We are at an old refurbished brewery in the heart of the city. People in orange clothing are swarming around us, showing people to their seats, taking orders and bringing beers and food. The place that used to make beer, is now a place of many things. People are starting to gather here, as the heat of the day dies down and the lightness of evening, slowly as a weak current of chilled paint, is slobbering down on the place. Three guys with grey hair, does a sound check, that is longer than their actual show. The lead singers voice seems to turn from a Dadaistic “Check!Check!Check!” to “Jack!Jack!Jack!” and it becomes almost poetic. At that point a conversation about the ethics of the consumption of meat, has Jack talking about robot chickens genetically engineered from corn. John Maxx of Radical Ink has joined us at this time and a recent tattoo convention is discussed and laughter ensues. Our Romanian host Zeppe is telling me that the Romanian word for “dick” can be used as a comma. He smiles and says “We curse a lot in Romania”, I like the poetic nature of that. Maybe it’s because the shape of the comma is somewhat phallic? Or maybe, it’s because I’ve had one to many of the Romanian beers. Evening is starting its second coating of darkened chill, and the mind wanders.

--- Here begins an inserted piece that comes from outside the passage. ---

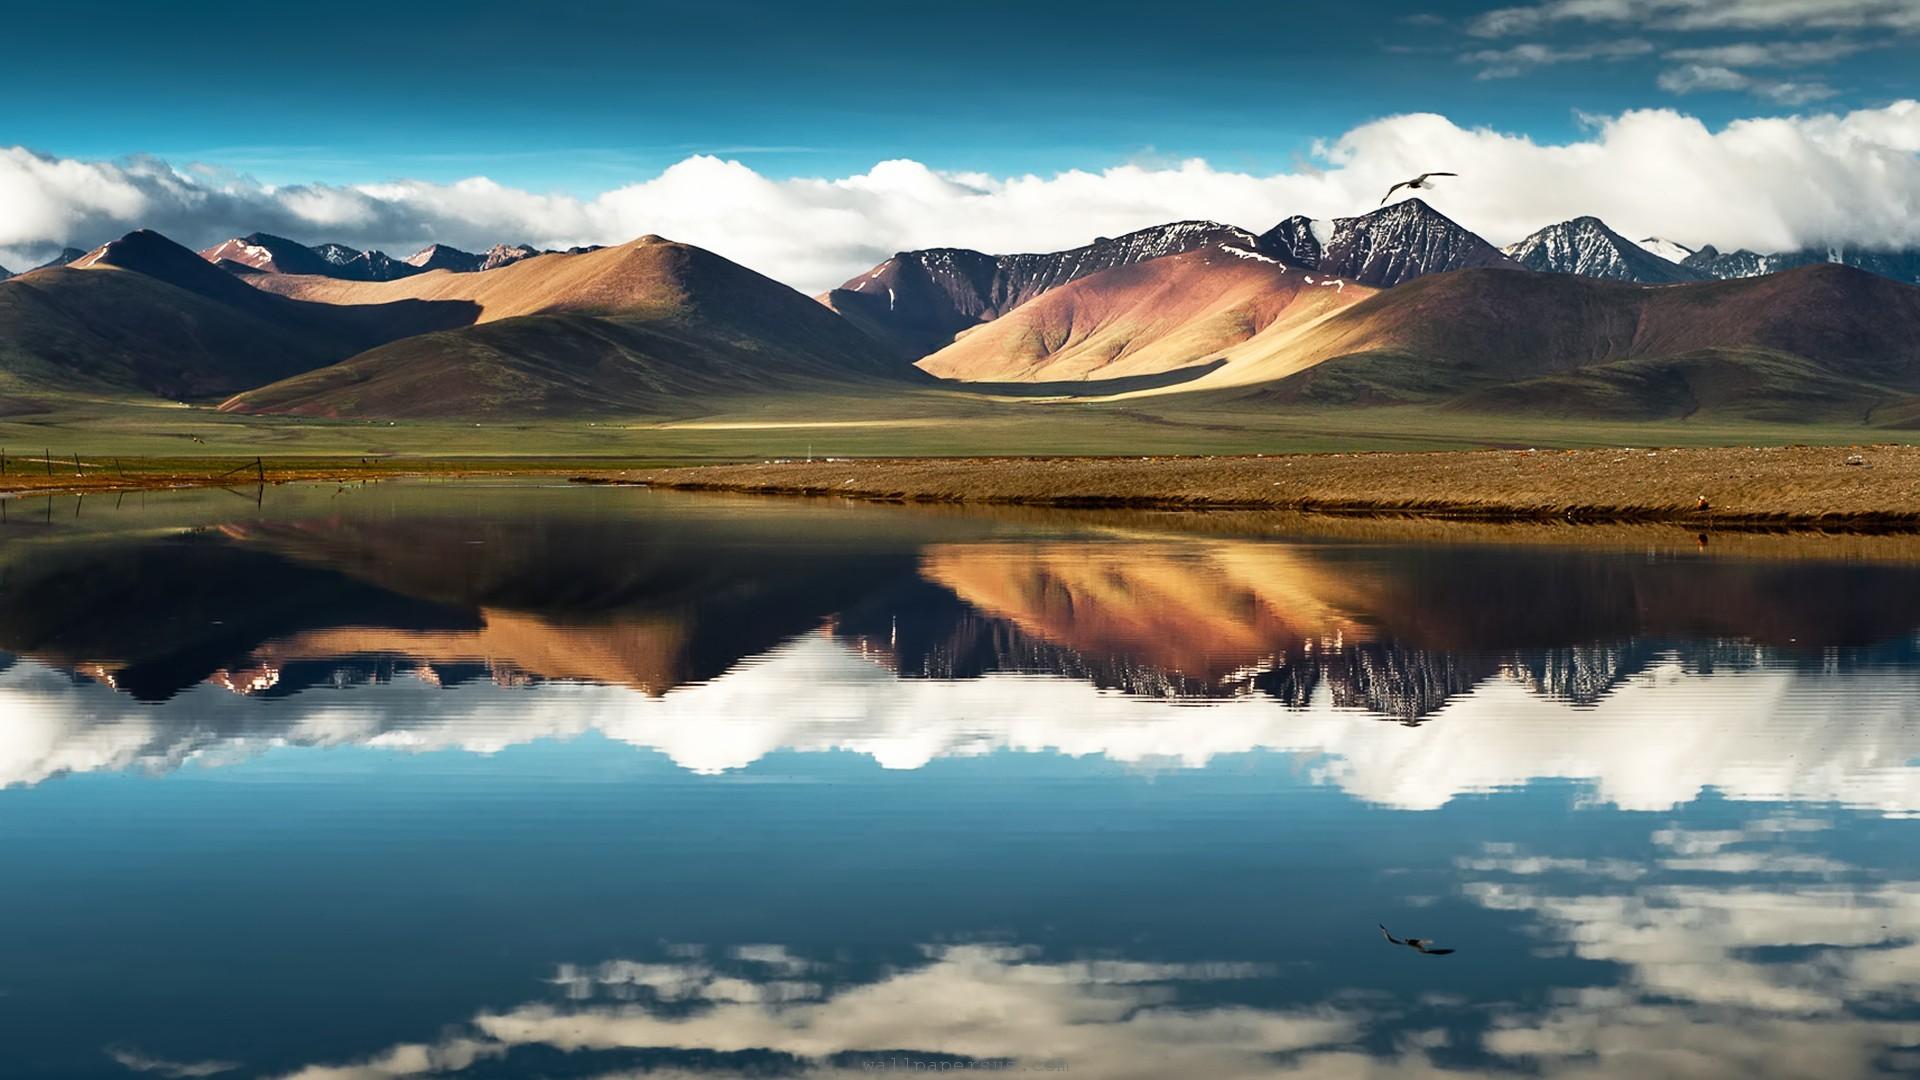 leh-ladakh-landscapes-of-lakes

“…Then we enter a room which is about 4 square meters, 2 by 1,5 meters, or something like that. It’s ridiculous. There’s an old desktop computer, some tattoo gear, a bed with a batique blanket on and a tripod to put your arm on. And that’s it! So, the both of us is sitting on this bed like it’s some terrible whorehouse. Then we try to explain to him, and my Spanish is alright, that what we want is a manatee with a parachute on. Apparently, that’s more Spanish than I’ve learned. It took some time, and he couldn’t quite comprehend why we were getting that, and he tried to find some pictures online, and it was like “that’s not what I want, it’s like this and this”. My sister had drawn a sketch of a manatee which I showed him. “This is what I want… and then add a parachute on top”. He tried to find a parachute, and it was not working, it took 35 minutes. Well, he draws it up, puts it on my arm and I’m thinking “that’s bigger than I thought”, but we get started, and it takes no time at all. My buddy looks at it and says “that’s fucking stupid”, then he had his done, we left and that night we got drunk.”
As we drive into the forests and foothills of the mountains, the country and the population is changing. In a small mountain town, carved into the hillside, a cemetery links the past and the present. Like the horse drawn carriage a few miles back and the Ferrari parked at a corner. Romania is a country of many things, most of them mirroring the very essence of its history. The mountain envelops us in its thousand-year-old embrace. I suddenly feel at peace. The sun is setting behind us and somewhere, outside the car, there's a manatee in a parachute, suspended in midair.